- Born: December 5, 1939 Russell, Kansas, U.S.
- Died: January 13, 1985 (aged 45) New York City, U.S.
- Education: Emporia State University Royal Academy of Dramatic Art

= Curt Dawson =

American actor

Curt Dawson (December 5, 1939 - January 13, 1985) was an American stage and television actor.

==Early life==
Curt Dawson was born December 5, 1939, in Russell, Kansas. He graduated from Emporia State University in 1960, and attended the Royal Academy of Dramatic Art in London, U.K.

==Career==
Dawson became a stage actor on Broadway. He played in Sleuth in 1973 and Absurd Person Singular in 1975. He also played in The Boys in the Band, as well as in Alice in Wonderland and The Royal Family alongside Eva Le Gallienne.
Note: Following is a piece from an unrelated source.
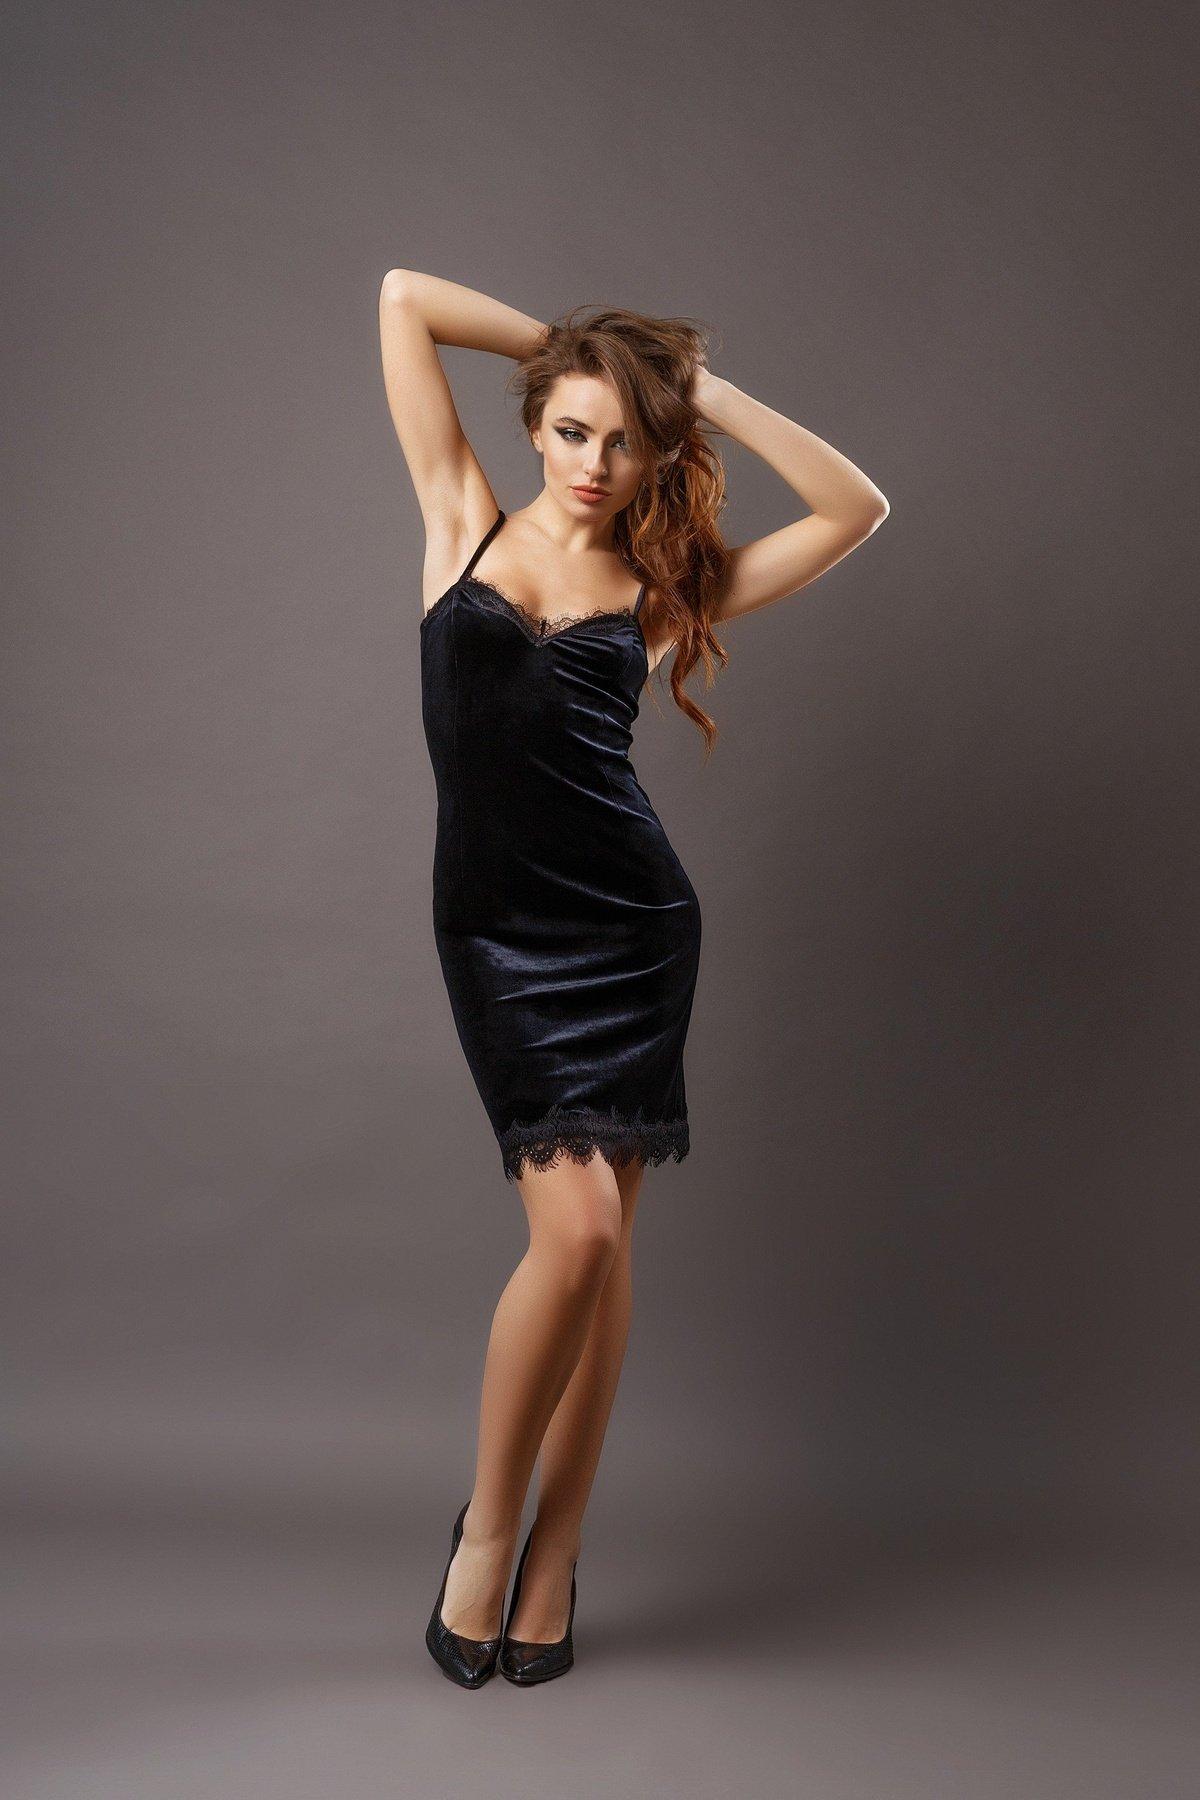 Сукня Amina - купити коктейльні сукні та вечірні сукні Olya Mak a34ea04821e92
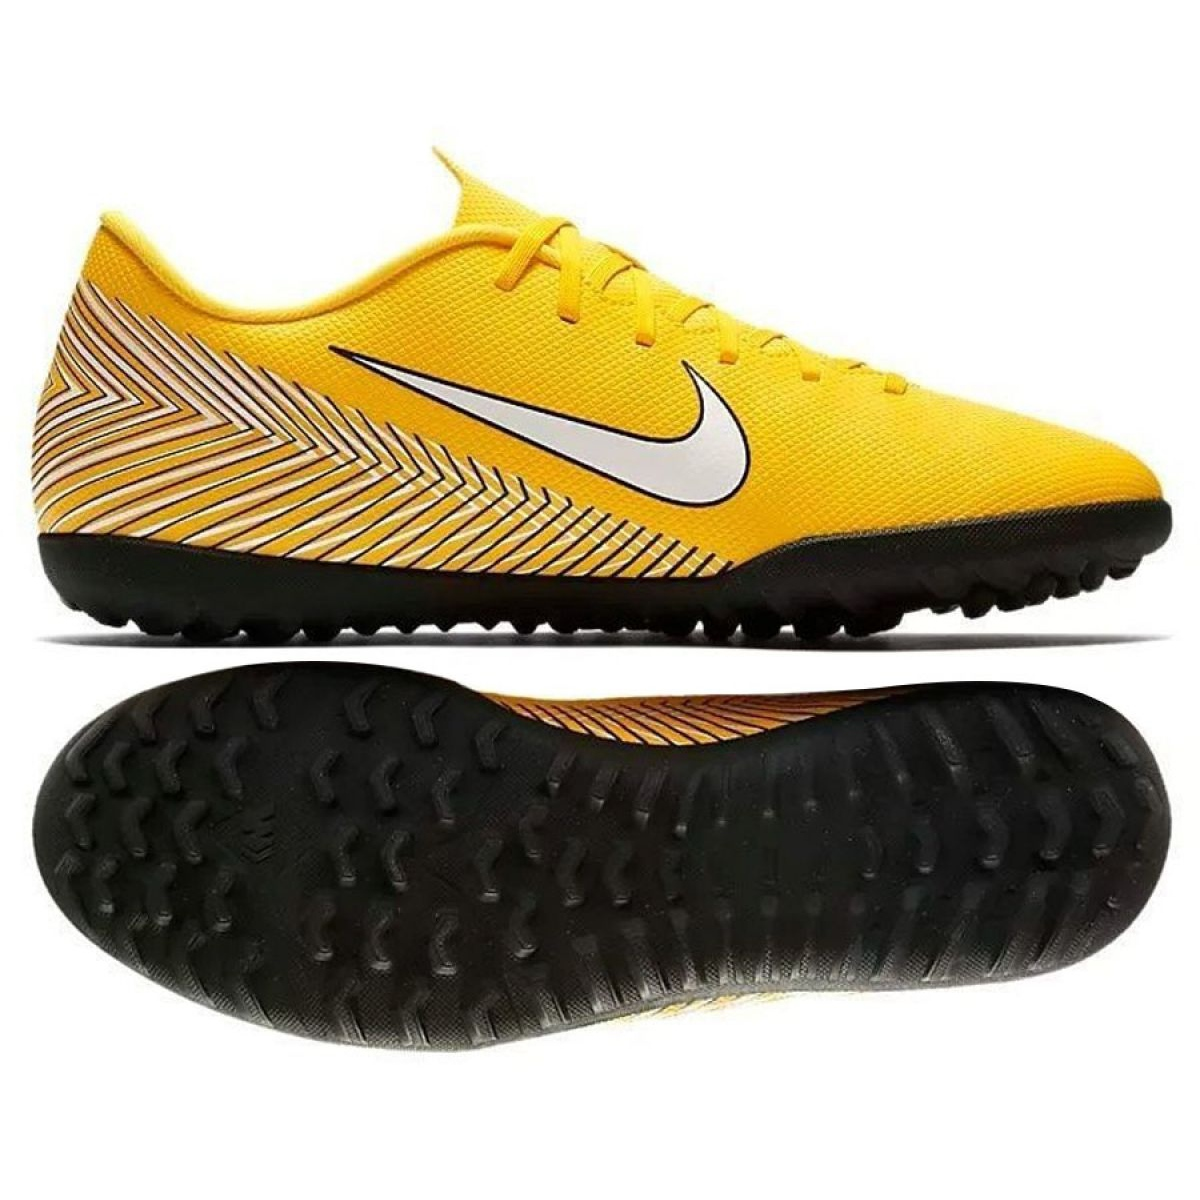 Nike Mercurial Vapor 12 Club Tf M AO3119 710 futballcipők sárga sárga

On television, Dawson acted in As the World Turns, Guiding Light, Another World, Search for Tomorrow, and The Adams Chronicles.

==Personal life and death==
Dawson was gay; he had relationships with author Armistead Maupin and actor Ian McKellen. He resided in SoHo, Manhattan, New York City.

Dawson died on January 13, 1985, at the Bellevue Hospital in New York City. Even though his obituary in The New York Times said he died of "complications resulting from cancer", Maupin says in his memoir, Logical Family, that he died of AIDS.